Le compte-rendu de la réunion du CSST fait état du comportement généralement perturbateur de Monsieur [D] [V] au sein de son équipe (pièce n° 77 de l’intimée).
Il résulte des pièces produites par l’employeur, qu’après réunion du CSST, il avait été décidé de déplacer Monsieur [D] [V], provisoirement dans une autre équipe, pour apaiser les tensions que son comportement avait créées au sein de l’équipe D et protéger son chef d’équipe (pièces n° 77 à 79).
La nouvelle affectation de Monsieur [D] [V] était donc justifiée
— Sur la formation à l’utilisation du chariot élévateur de catégorie 5 : La société GXO LOGISTICS FRANCE ne justifie pas du fait que Monsieur [D] [V] n’a reçu cette formation que plusieurs mois après l’avoir demandée et que ses collègues en ont bénéficié.
— Sur la convocation à la visite médicale : la société GXO LOGISTICS FRANCE l’explique par le fait que Monsieur [D] [V] se serait endormi à plusieurs reprises sur son poste de travail. Cependant il ne produit aucune pièce démontrant cet état de fait et il résulte d’un courrier du médecin du travail qui l’a examiné qu’il ne souffrait d’aucune affection particulière pouvant provoquer des somnolences (pièce n° 21-1). Dès lors, l’employeur ne justifie pas la raison pour laquelle il a convoqué Monsieur [D] [V] à une visite médicale, alors, en outre, que ses collègues n’avaient pas été soumis à pareil examen.
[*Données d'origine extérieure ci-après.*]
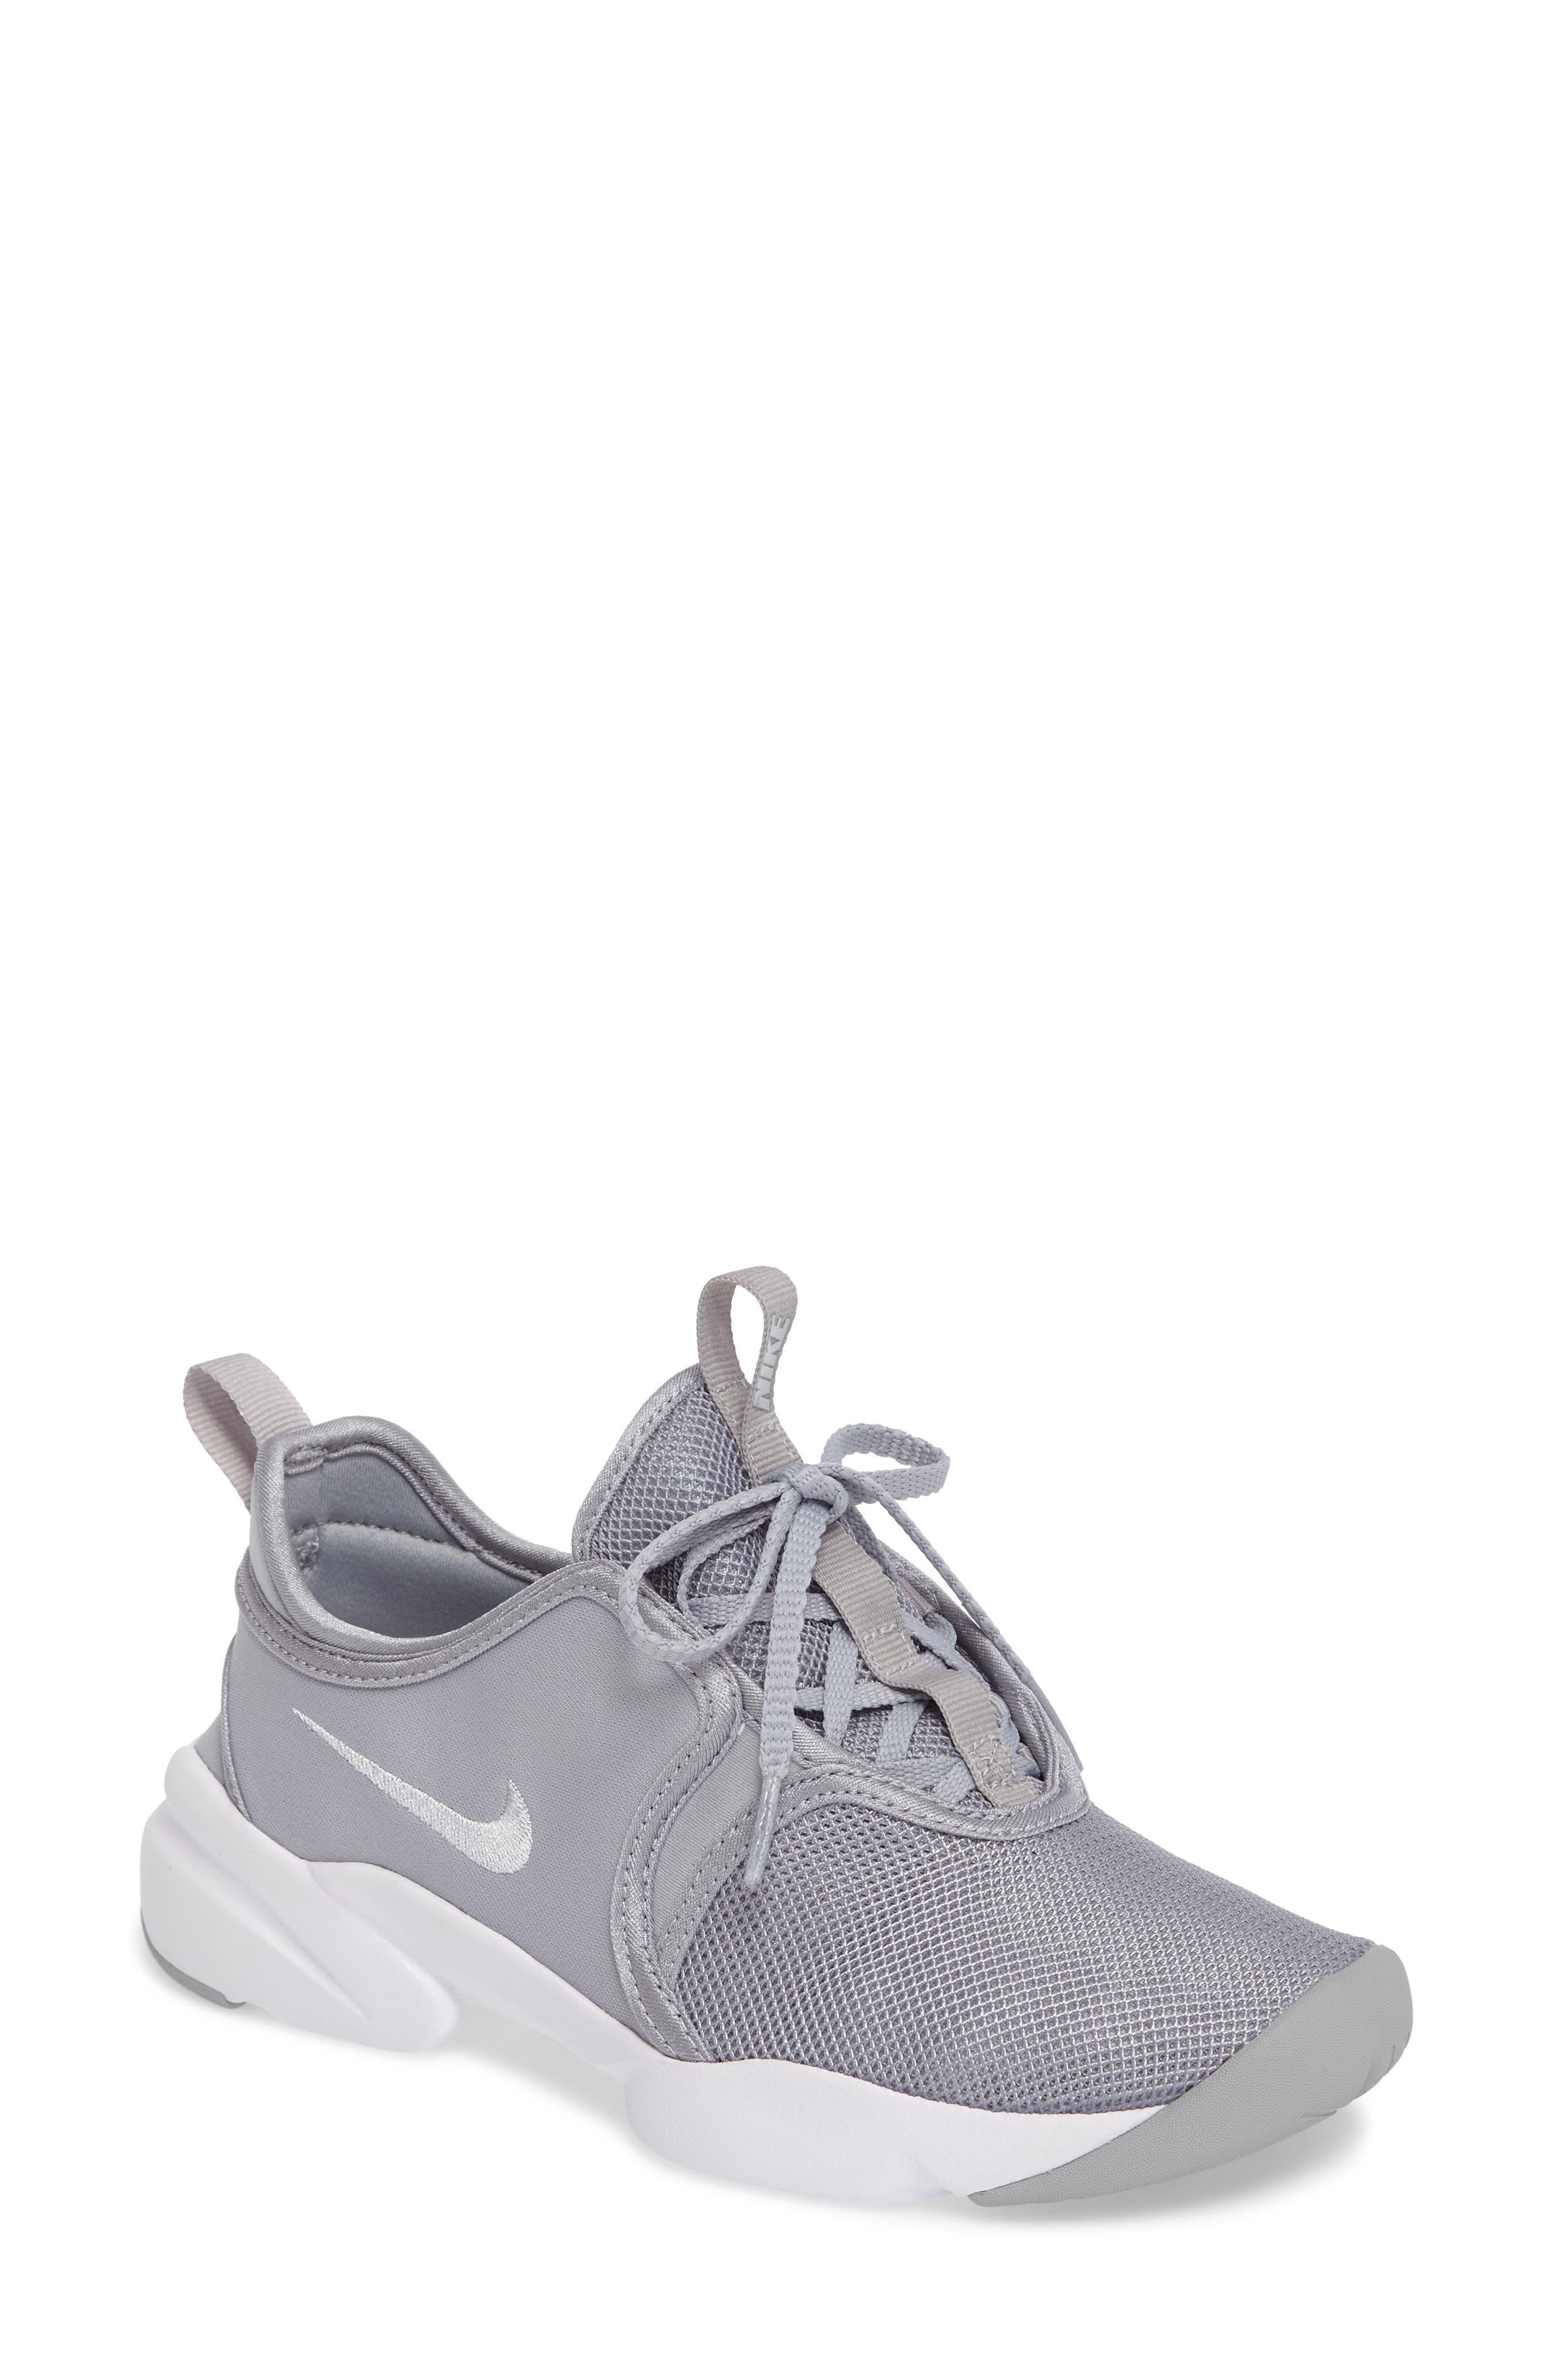 Main Image - Nike Loden Sneaker (Women)

— Sur la procédure disciplinaire diligentée le 8 avril 2021 et le « courrier de sensibilisation » du 27 mai 2021 : la société GXO LOGISTICS FRANCE ne produit aucune pièce attestant la réalité des faits reprochés à Monsieur [D] [V]. Elle ne justifie donc ni la procédure disciplinaire, ni la lettre de « sensibilisation », qui doit s’analyser en avertissement.
— Sur la mise à l’écart de Monsieur [D] [V] par ses collègues de travail : la société GXO LOGISTICS FRANCE ne justifie pas avoir pris quelque mesure que ce soit pour prévenir ou remédier à cette mise à l’écart, dont elle confirme de fait la réalité dans ses écritures.
Au vu des éléments établis par Monsieur [D] [V] et non justifiés par l’employeur, le premier a été effectivement fait l’objet d’un harcèlement moral. La société GXO LOGISTICS FRANCE devra en conséquence lui verser la somme de 5000 euros à titre de dommages et intérêts.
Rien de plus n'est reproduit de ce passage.